Researchers have used the well-established Potts model-an algorithm mathematicians and biologists use to measure how individual entities behave in relation to their neighbors-to help map the spatial organization of neurons in the brains of Alzheimer's patients and normal volunteers. Due to appear in this week's PNAS early online edition, the results mark a new approach to automate recognition of neurons in microscopic brain images, which could help measure anatomical changes in conditions where neurons die.
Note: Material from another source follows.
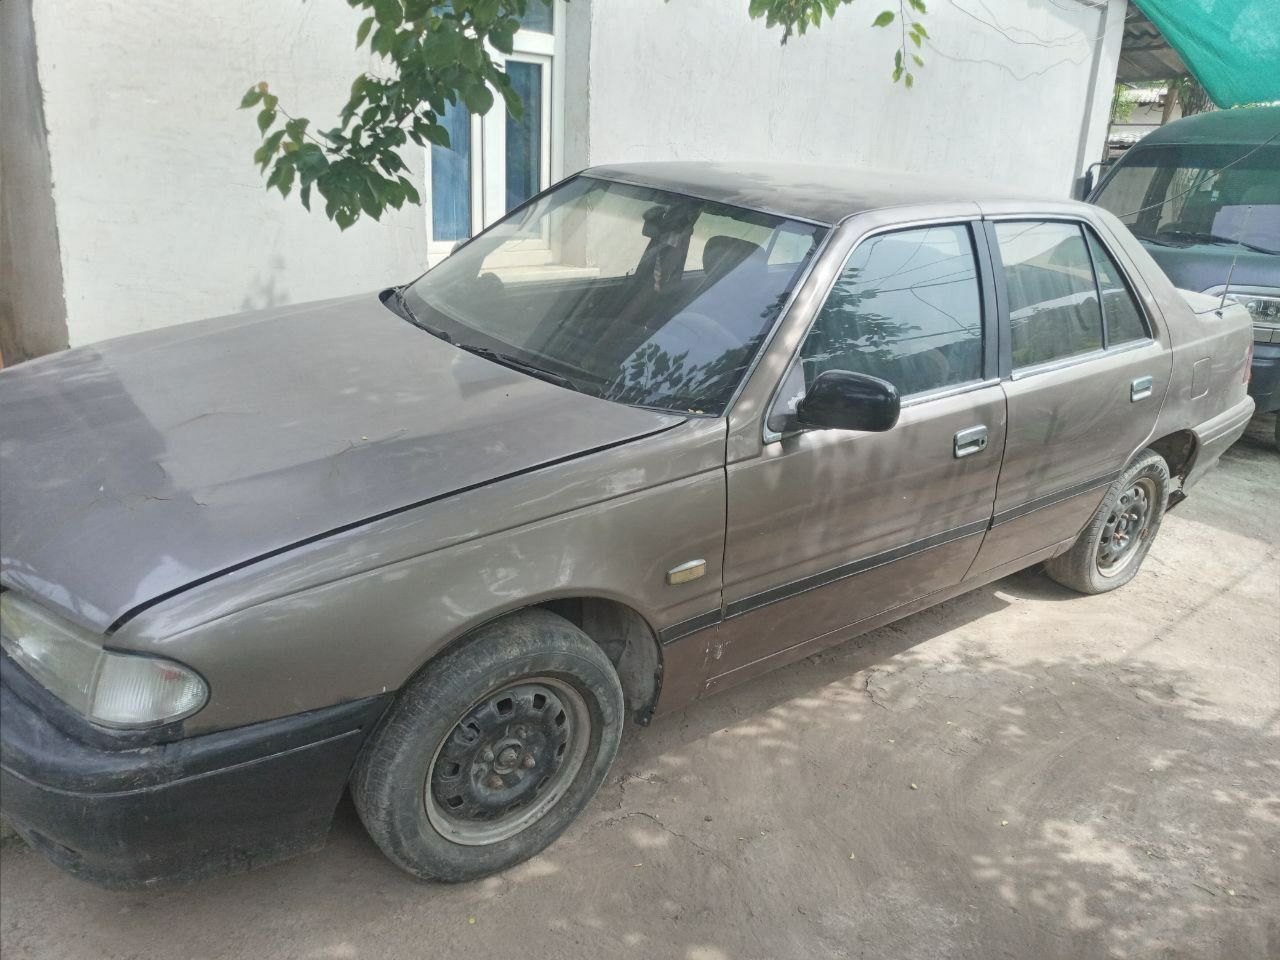 Продается машина Хундай-Соната 2..Цвет бежевый кашемир,1991года.Двигат

First author S. Peng, working with Boston University's Eugene Stanley and Brad Hyman from Massachusetts General Hospital, applied what they call a "parallel Potts segmentation approach" to help identify individual neurons in confocal microscope images of the brain. In this approach the simple Potts algorithm is run several times but with slightly different parameters. Varying the Potts parameters enabled the authors to correct for slight variations in contrast or focus that are inherent across the confocal images. This improved resolution and helped solve a major problem in brain mapping, namely the difficulty in identifying individual neurons when they overlap with others.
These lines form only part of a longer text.